A single CBC reading of 52% in a dehydrated patient means less than a pattern of 51%, 52%, 53% over three consecutive draws.
SHBG: The Protein That Controls How Much Testosterone You Actually Use
Sex hormone-binding globulin is produced by the liver and binds testosterone with high affinity.

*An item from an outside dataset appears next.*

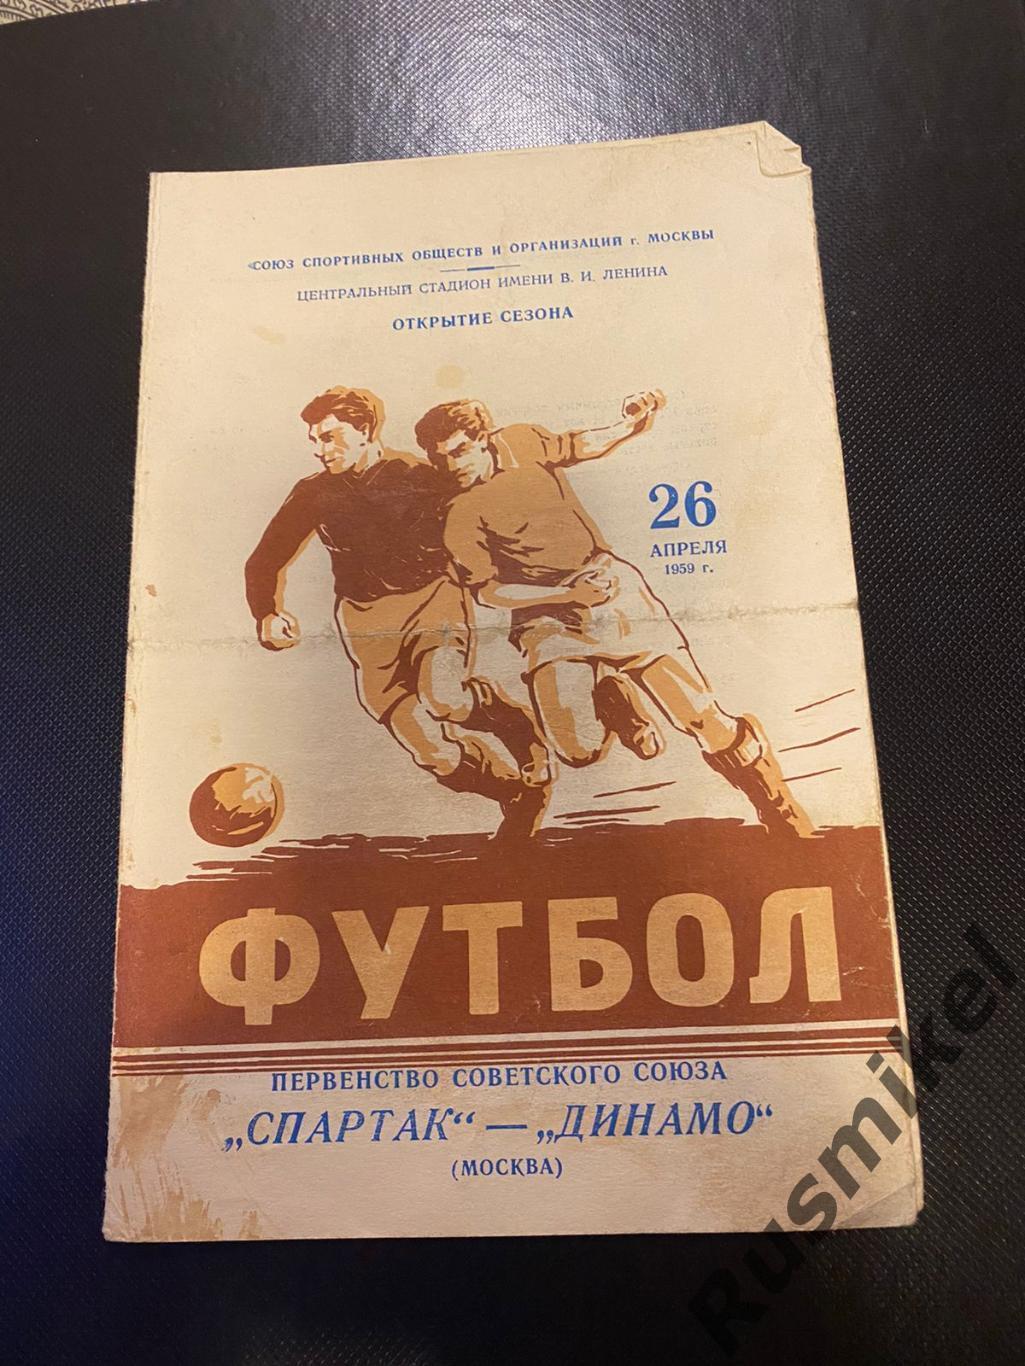 Спартак Москва - Динамо Москва 1959

High SHBG means less free testosterone is available to tissues even when total testosterone is adequate. Low SHBG means more free testosterone is available, but the molecule is also cleared faster, which is why men with low SHBG often do better on daily or every-other-day testosterone protocols rather than weekly injections.
Normal Range and Clinical Interpretation
The adult male reference range for SHBG is approximately 10 to 57 nmol/L. Values below 20 nmol/L are considered low. Values above 50 nmol/L significantly reduce the bioavailable fraction of total testosterone.
Lifestyle factors that lower SHBG include obesity, insulin resistance, hypothyroidism, and exogenous anabolic steroid use. Factors that raise SHBG include aging, hyperthyroidism, liver disease, high estrogen, and some anticonvulsants [6].
LH and FSH: What They Tell You About Your Own Production
Luteinizing hormone (LH) and follicle-stimulating hormone (FSH) are pituitary signals. LH drives testicular testosterone production; FSH drives spermatogenesis.
On Exogenous Testosterone
Once you begin exogenous testosterone, the hypothalamic-pituitary axis receives a negative feedback signal and suppresses LH and FSH output. LH may fall to <0.1 mIU/mL and FSH to near zero within weeks. This is expected. It is not a sign of pituitary pathology; it is the normal physiologic response to exogenous androgen [7].
Why You Still Want to Know Your Baseline
If your pre-treatment LH and FSH were both low (secondary hypogonadism), your clinician may evaluate for a pituitary adenoma or hemochromatosis. If both were high before treatment (primary hypogonadism), your testes are the limiting factor, not your pituitary. These distinctions affect whether you might be a candidate for hCG co-therapy to preserve testicular function and fertility.
PSA: The Cancer Screening Marker That Requires Context
Prostate-specific antigen (PSA) is produced by prostate cells. Testosterone therapy does not cause prostate cancer, but it may accelerate growth of a pre-existing tumor. This is why PSA screening before and during TRT is standard practice.
Baseline and Monitoring Thresholds
The Endocrine Society 2018 guideline recommends PSA at baseline and at 3 to 6 months, then per age-appropriate screening guidelines [1]. A PSA rise of more than 1.4 ng/mL in any 12-month period on TRT, or an absolute PSA above 4.0 ng/mL, warrants urologic referral. Men with a first-degree family history of prostate cancer or of African descent should be referred at PSA above 3.0 ng/mL [1].
PSA Velocity vs. Single Reading
A PSA of 3.2 ng/mL that has been stable for three years in a 58-year-old man is very different from a PSA of 3.2 ng/mL that was 1.8 ng/mL four months ago. Velocity, not just absolute value, is the clinically meaningful metric.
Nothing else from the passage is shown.